In the previous article, we briefly mentioned the how text based communication is going to power business in coming future. Chatbots are the primary mechanism through which this trend is manifesting itself. A correctly implemented chatbot can help small businesses implement a sound customer outreach strategy and create a customer support mechanism without investing a lot of money.


However, there is a need to understand what exactly chatbots are, how they work and the different scenarios they can be useful in. Business can then look at appropriate implementations to match their use cases.

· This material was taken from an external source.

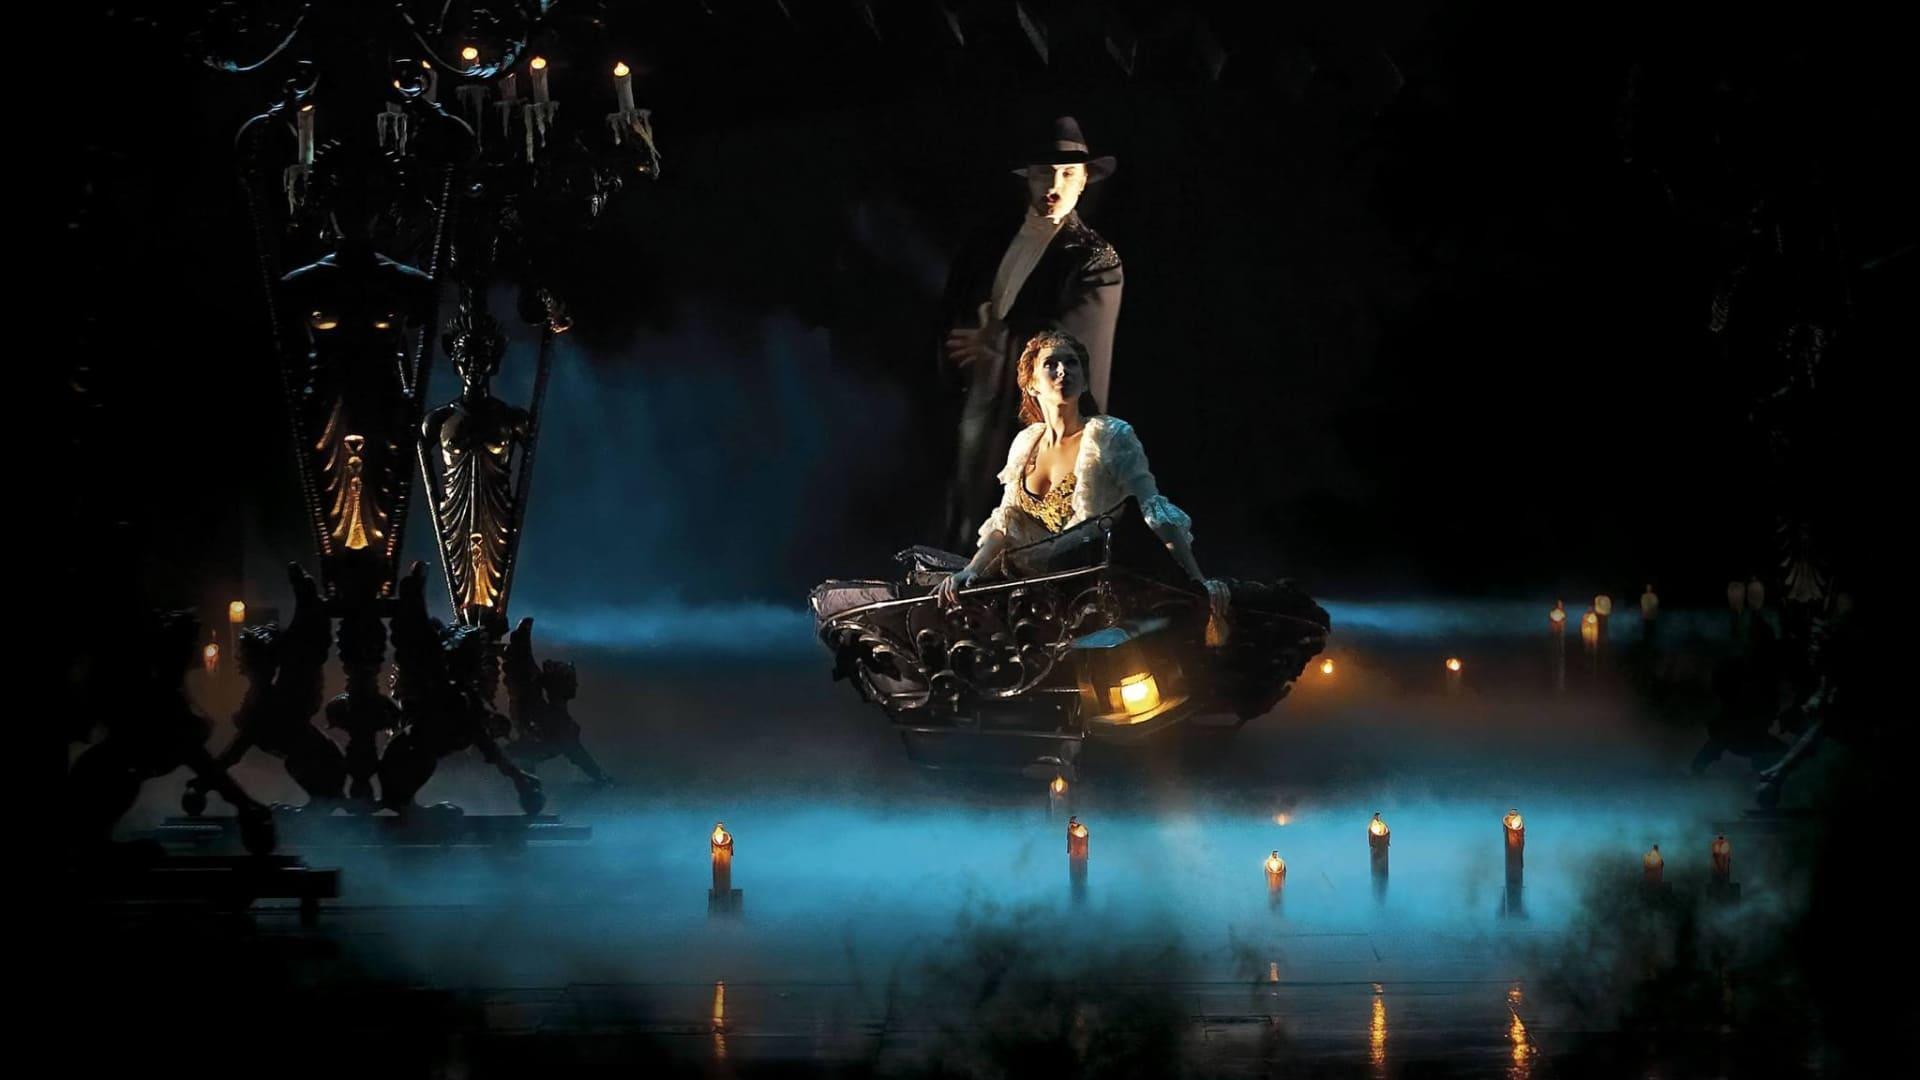 Le fantôme de l'Opéra, personnage du roman de Gaston Leroux, hanterait les sous-sols de l'opéra

Simplistically put, chatbots are automated software programmes which provide a way for users to send their queries or specify the actions they want to take-for example, check the weather, check the stock or book a ticket, using many text messaging platforms, including SMS, Facebook Messenger, Skype etc. These software programmes are powered by search, Artificial Intelligence (AI), Natural Language Processing (NLP) and Machine Learning to varying extent, depending upon the use case and what kind of bot is developed. Primarily, bot use cases can be divided into four distinct categories, depending upon how evolved they are in terms of providing human feel to the conversation.

Options-based bots

For the starters, there are bots which allow interactions mostly based on pre-defined options. User is presented with a sort of menu card, from which they can pick their choose. Remember the IVR response when you call a support center? This is the text (or voice) version of it. These types of bots provide a navigational flow using pre-scripted instructions & responses and radio buttons & selections. The content itself may have text or rich media formats. These types of bots are useful when you want to restrict the user input to a few known options.

Search-based bots

Search-based bots go beyond the mechanical interactions of the options-based bots. They allow for greater subjectivity & greater human-feel as far the user interactions go. Here the users can enter a more natural expressions and sentences, but behind-the-scene, the bot would look up the results based on the presence of keywords in user input. For example, if you ask the question to an online clothing store’s bot; “show me all available menswear”, it’s going to search on the keyword “menswear”. Though it might seem like it’s responding to a natural language query, it won’t respond accurately if the query becomes a bit complex with variations with sizes, color preferences etc. depending upon how the bot is set up. For such more complicated results, the next category comes into picture.

Pattern-based bots

Taking the above example further, the pattern based bots can understand more complex queries. They can decipher a full-blown sentence when it follows certain structure. For example when someone enquires about “What is the flight schedule from New York to Washington?”, pattern-based bots can understand that the schedule needs to be retrieved for flights originating from New York and going to Washington. These type of bots are particularly useful when there is a huge underlying content, which needs to be searched based on limited parameters. Working with pattern-based bots may feel as if they can understand human interactions of any complexity, but that’s actually not the case. If the pattern does not match, they don’t work.


These are basic types of bots which can get you started and may be able to handle routine operations & interactions. They are complemented by human assistance when deviations happen. However, truly powerful & evolved bots provide real “conversational” experience. This is where companies like Google, Apple & Amazon are focusing their efforts. They understand user intentions through highly unstructured interactions and respond through highly trained datasets. As the bots infrastructure & capabilities evolve, we will see the extent to which these capabilities can simplify our lives.